Fig. S1: Transcript levels of M. sexta SRP1 gene in the 52 tissue samples. The relative mRNA levels, as represented by FPKM values, are shown in bar graphs. The 52 cDNA libraries (1 through 52) were constructed from the following tissues and stages: head [1. 2^nd (instar) L (larvae), d1 (day 1); 2. 3^rd L, d1; 3. 4^th L, d0.5; 4. 4^th L, late; 5. 5^th L, d0.5; 6. 5^th L, d2; 7. 5^th L, pre-W (pre-wandering); 8. P (pupae), late; 9. A (adults), d1; 10. A, d3; 11. A, d7], fat body (12. 4^th L, late; 13. 5^th L, d1; 14. 5^th L, pre-W; 15. 5^th L, W; 16. P, d1–3; 17. P, d15–18; 18. A, d1–3; 19. A, d7–9), whole animals [20. E (embryos), 3h; 21. E, late; 22. 1^st L; 23. 2^nd L; 24. 3^rd L), midgut (25. 2^nd L; 26. 3^rd L; 27. 4^th L, 12h; 28. 4^th L, late; 29. 5^th L, 1–3h; 30. 5^th L, 24h; 31. 5^th L, pre-W; 32–33. 5^th L, W; 34. P, d1; 35. P, d15–18; 36. A, d3–5; 37. 4^th L, 0h), Malpighian tubules (MT) (38. 5^th L, pre-W; 39. A, d1; 40. A, d3), muscle (41. 4^th L, late; 42–43. 5^th L, 12h; 44–45. 5^th L, pre-W; 46–47. 5^th L, W), testis (48. P, d3; 49. P, d15–18; 50. A, d1–3), and ovary (51. P, d15–18; 52. A, d1). Some libraries are from single-end sequencing; the others are from paired-end sequencing. Due to method differences, some synonymous libraries exhibit different FPKMs.

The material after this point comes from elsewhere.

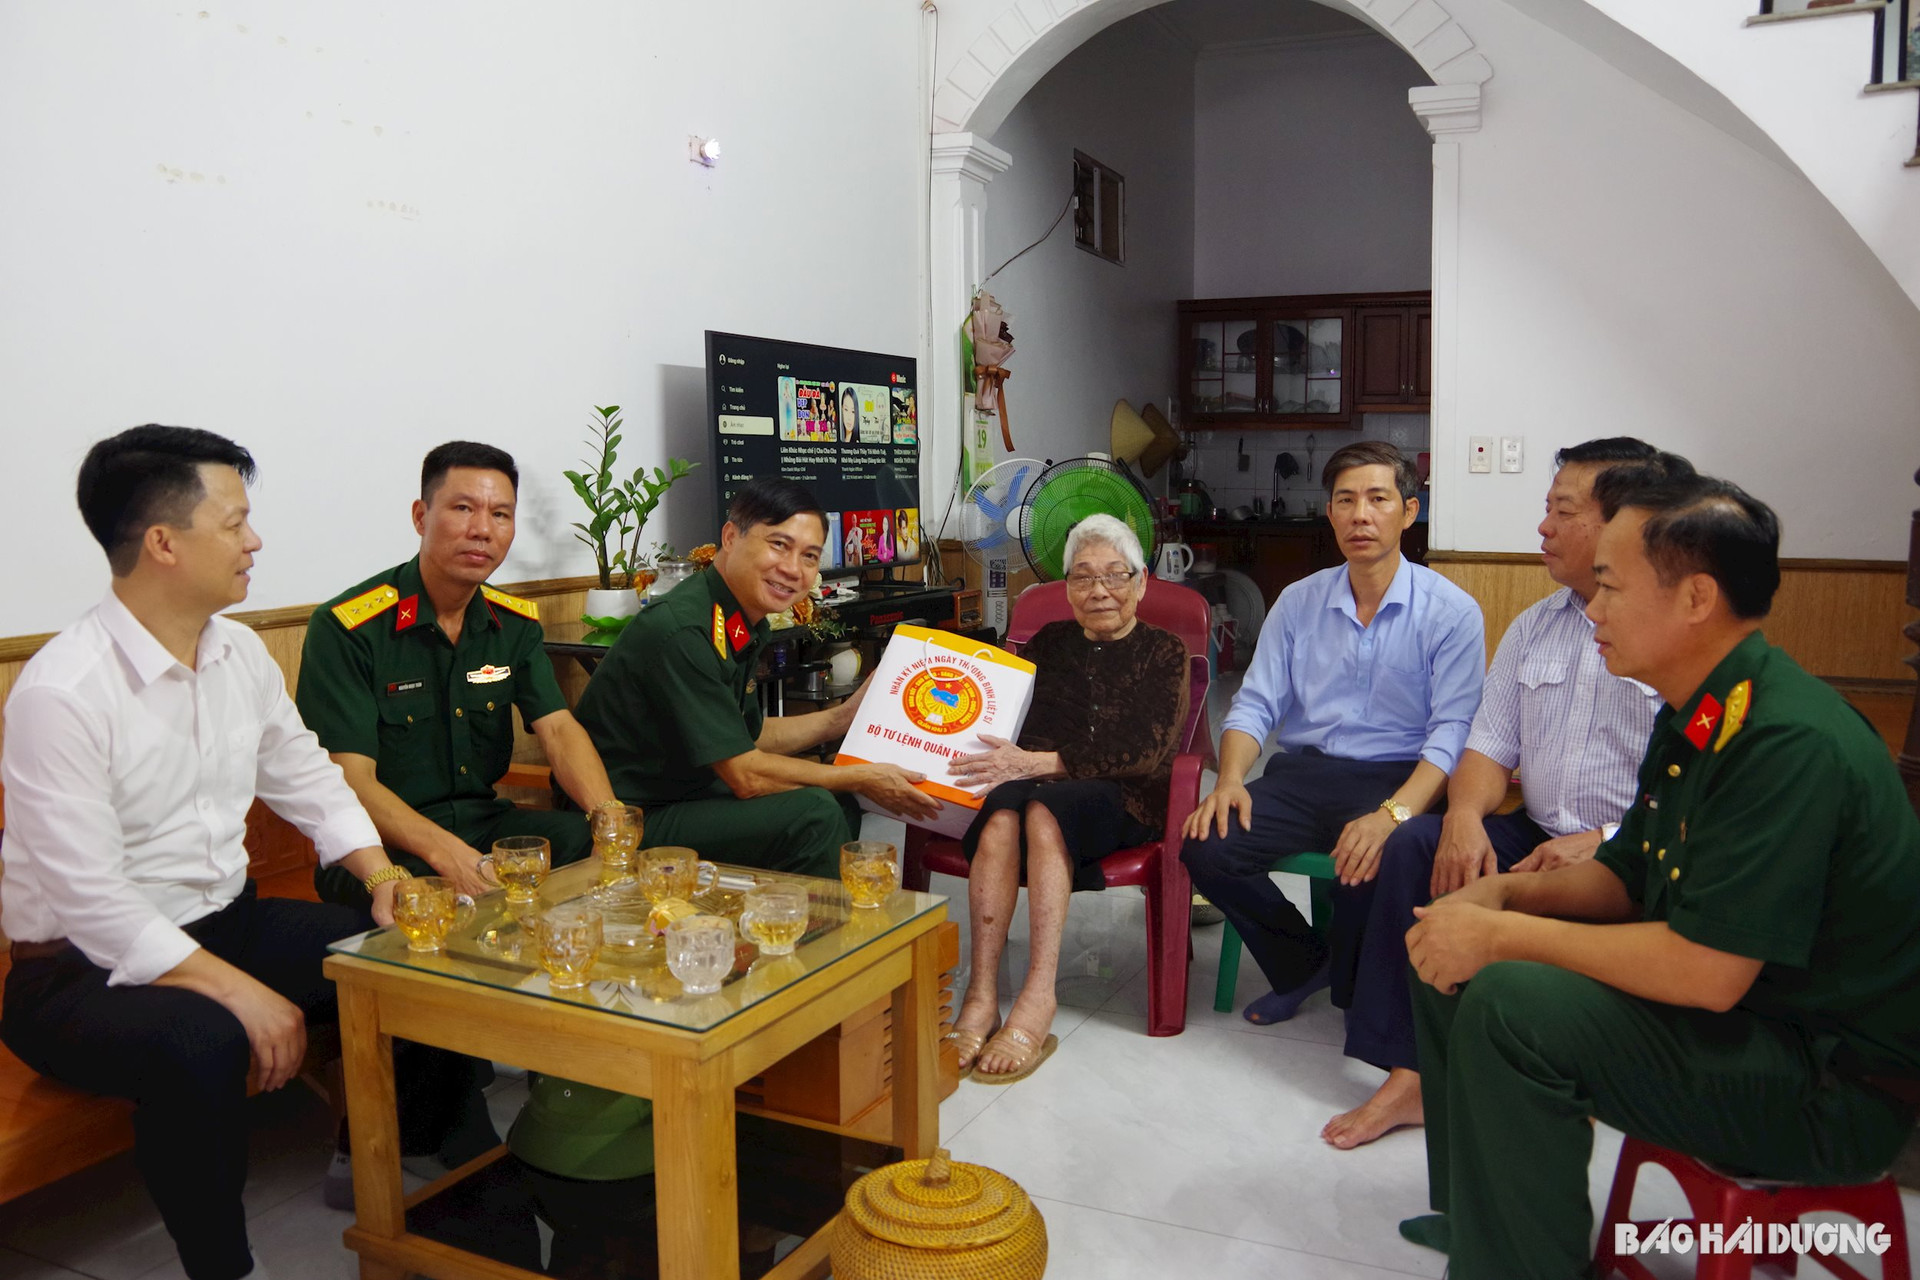 Đại tá Bùi Vinh Được, Phó Chính uỷ Bộ Chỉ huy quân sự tỉnh trao quà cho bà Vũ Thị Tĩnh, sinh năm 1938, vợ liệt sĩ, ở thị trấn Nam Sách

Fig. S2: Fingerprint region (HN-HN) of 2D ¹H-¹H NOESY spectrum. Uniquely assigned inter-residue NOEs are labeled by residue name, residue number, and xplor format atom name.

Fig. S3. CαH chemical shift index (ΔCαH) of individual residues in SRP1. Reference chemical shift values are based upon published random coil values [37]. Bars represent difference between published values and values observed during NMR acquisition for SRP1.